I saw, for the first time in 14 years, my favorite ex-boyfriend (the last time I saw him was in that store too). It is weird to think we are both creeping up on 40, because in my mind we are always 15 and 17. He was my first love and he never cared that I was overweight. He's bearded now, and rather gray, but I still recognized him right away. He was wearing a weird hat, a very bright aqua shirt, and off-label jeans that were definitely dirty. He glanced at me and my friend (who graduated with him and who, to my eyes, still looks the same as in high school, but also with more gray) without recognition. (She didn't see him or didn't recognize him.)
I saw him again, walking past the end of an aisle where were were standing, and finally he was in line right next to us. With two little kids and a wife (I assume wife). I wasn't shocked to see him with kids. I could see the back of the woman's head with him--she was blonde.
Now this guy, other than me and a different friend of mine, had pretty good taste in women (mostly). He dated half a pair of identical twins who looked like models and another girl who was a model. I was curious to see who he ended up with. Did I know her?
Our line moved faster (we were in a self-checkout express; he was in a regular line) and I was able to turn around and look at his wife's face without seeming obvious.
And I felt terrible.
She looked like a mug shot. That's the best way I can describe her. Her skin was thick and coarse, her features undelicate, and she had inches of dark roots. The blond hair I'd seen from the back had that nasty greenish tinge that badly dyed blond hair gets.
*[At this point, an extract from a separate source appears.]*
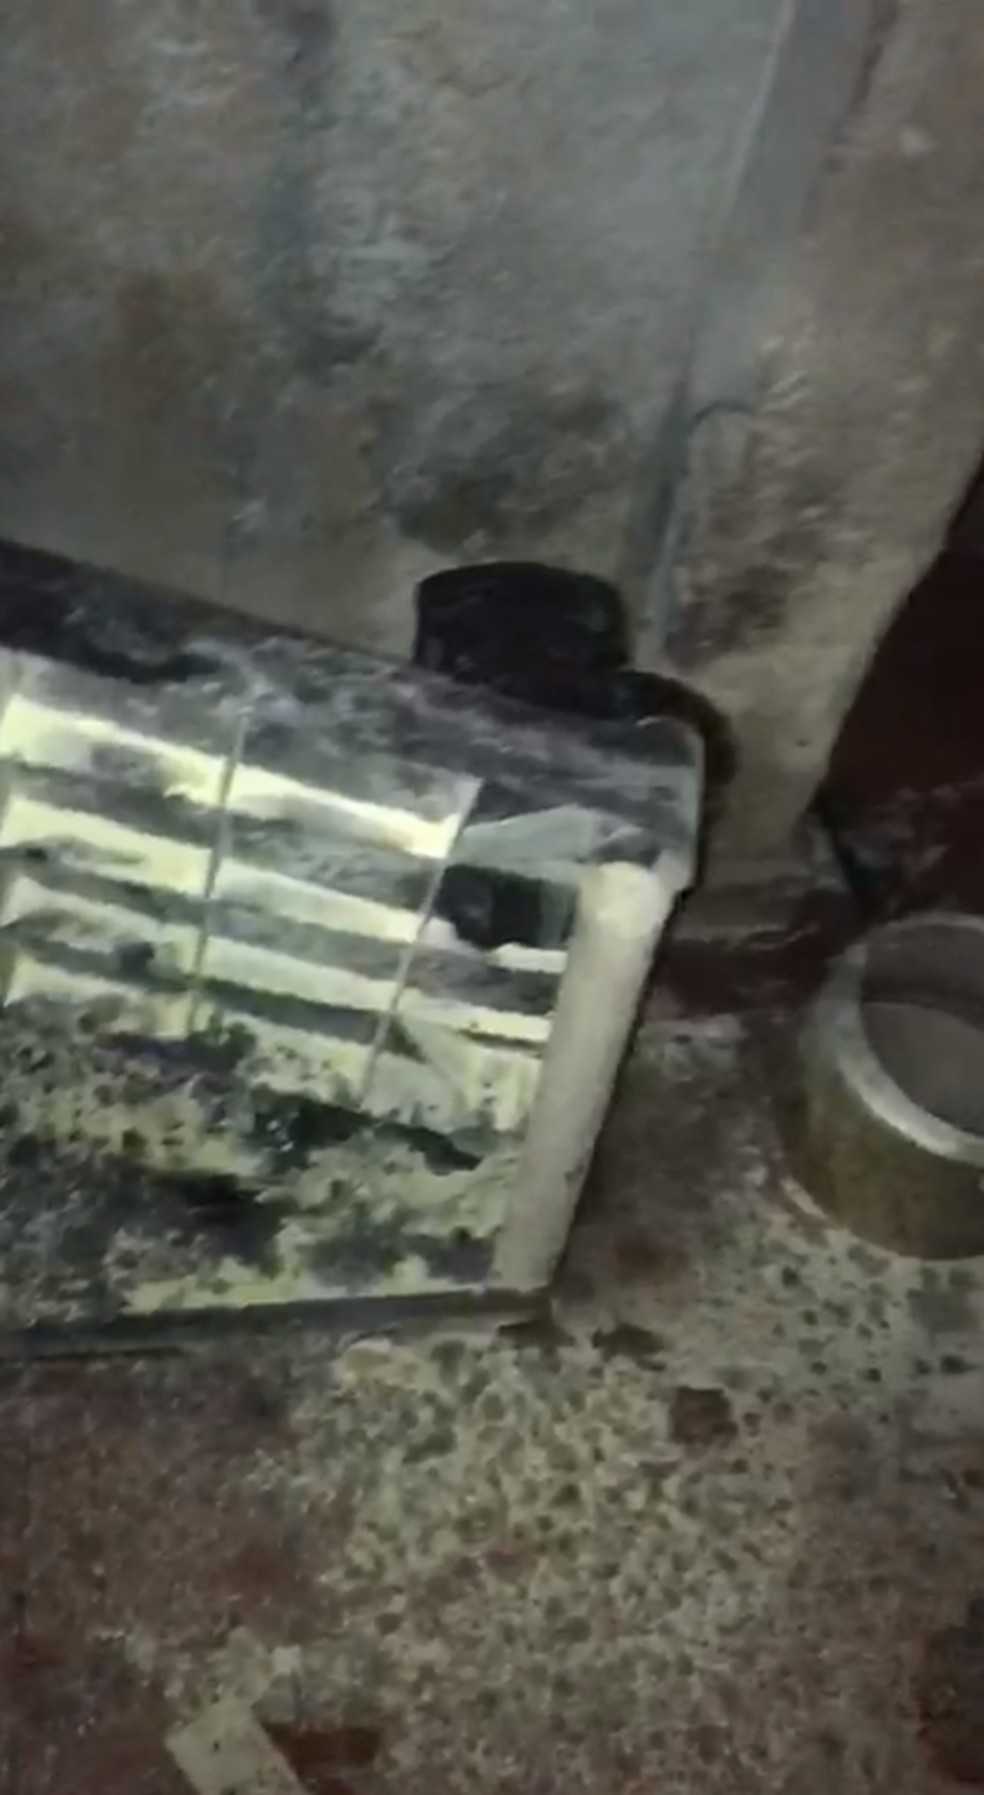 Cozinha pegou fogo e família ficou gravemente ferida em Santos, SP — Foto: Arquivo pessoal

She was unsmiling and completely unappealing. I couldn't tell you if she was overweight or underthin or in between (I'd say she wasn't really fat because I would have noticed that). She didn't look like she used to look better, if that makes any sense.
I wanted to cry. Because what I had wanted to see was my ex, who I still have affection for, with someone happy. Not necessarily beautiful, but a happy person, a person that he smiled at who smiled back. I wanted to look at him and think "I'm glad he's happy." Because when I knew him, in high school and college, he was a happy guy with a bouncy step, who looked a little like Richard Gere.
I guess the dirty jeans should have clued me in that he wasn't happy. They weren't dirty like "I was working in the yard" or "I was fixing my truck" or "I was knocking down a wall" dirty. They were just unwashed and nasty, although the shirt looked clean. One of his children was climbing him and he was looking down with no expression, saying, "What do you want?" to her. Not annoyed, just not caring.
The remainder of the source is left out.